Fig. 1 is a flowchart of a data establishment phase in a method for assigning titles based on big data according to this embodiment;

fig. 2 is a flowchart of a topic allocation stage in the method for allocating topics based on big data according to this embodiment;

fig. 3 is a detailed flowchart of step 12 in the data establishment phase in the method for assigning titles based on big data according to this embodiment;

fig. 4 is a schematic structural diagram of a title distribution device based on big data according to this embodiment.

Detailed Description

In order to make the objects, technical solutions and advantages of the present invention clearer, the present invention will be described in further detail with reference to the accompanying drawings, and it is obvious that the described embodiments are only some embodiments of the present invention, not all embodiments. All other embodiments, which can be obtained by a person skilled in the art without making any creative effort based on the embodiments in the present invention, belong to the protection scope of the present invention.

The shapes and sizes of the various elements in the drawings are not to scale and are merely intended to facilitate an understanding of the contents of the embodiments of the invention.

The embodiment provides a title distribution method based on big data, which comprises the following steps:

as shown in fig. 1, in the data establishment phase:

s11, establishing a plurality of topics, and respectively establishing question banks for the topics, wherein each question bank comprises a plurality of questions.

Specifically, a plurality of topics are established according to needs, for example, mathematics, politics and English topics are respectively established, and then, an item base is respectively established for the plurality of topics according to contents required by the topics, wherein the item base of each topic comprises a plurality of items.

Further, after the topic library of each topic is established, establishing initialization information for each topic in each topic library, where the initialization information of each topic may include an initial difficulty coefficient K1 of the topic and a label of the topic, where the initial difficulty coefficients K1 of the topics are the same, and K1 may be assigned arbitrarily. The label of each topic can be determined according to the content of the topic, and each topic at least comprises one label. For example, in a topic library of historical topics, if there is a topic, the topic content is "which year the disorder of history occurs? "the labels such as" chinese history "," down dynasty "," year "and the like may be established for the title, and the specific label may be established as required, which is not limited herein.

And S12, classifying the users into a plurality of user category groups through a classifier obtained through pre-training according to the answer data of the users.

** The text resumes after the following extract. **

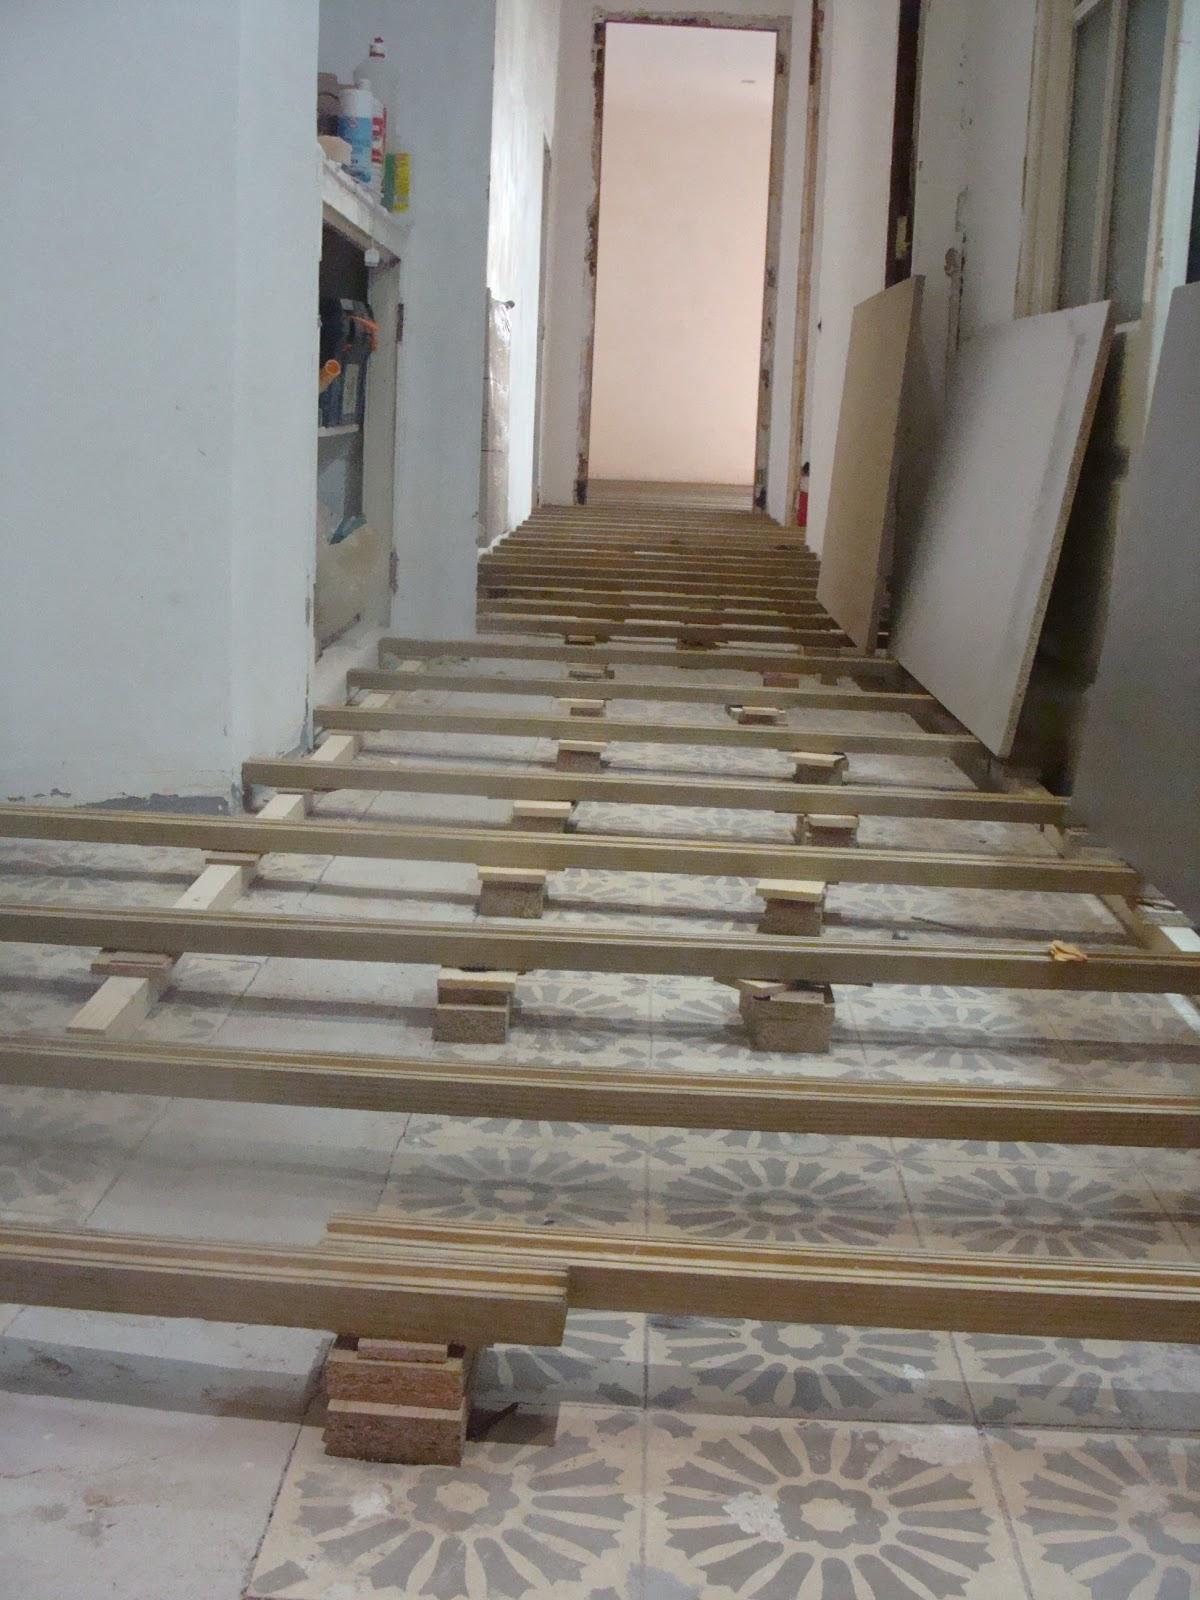 estructura de madera los pisos estn sobre bigas de madera y entre ellas bobedillas realizadas con ladrillo de rasilla sobre esta estructura una masa

Specifically, the users can be classified according to the historical answer data of the users and the labels of the answered questions. As shown in fig. 2, S12 may specifically include:

s121, respectively generating associated data of each user and a label according to answer data of the question answered by each user and the label included in the question answered by each user; the associated data may be the number of questions answered by the user and the number of questions answered by the user under the label included in the questions answered by each user.

Specifically, all tags included in the questions answered by the user are obtained, the number of questions answered by the user and the number of questions answered by the user under each tag are obtained, and associated data of the user and each tag are generated.

For example, for a user a, the user a answers 10 questions, 9 questions are answered in 10 questions, the 10 questions include a label M and a label N, under the label M, the user a answers 7 questions and 6 questions, under the label N, the user a answers 3 questions and answers 3 questions, and then associated data of the user a, the label M and the label N can be generated according to answer data of the 10 questions answered by the user a, which is shown in table 1-1:

user' s	Label (R)	Number of pairs/number of questions	Accuracy rate
				A	M	6/7	85％
A	N	3/3	100％

TABLE 1-1

Of course, the associated data may be in other forms, may include other contents, and may be specifically designed according to needs, and is not limited herein.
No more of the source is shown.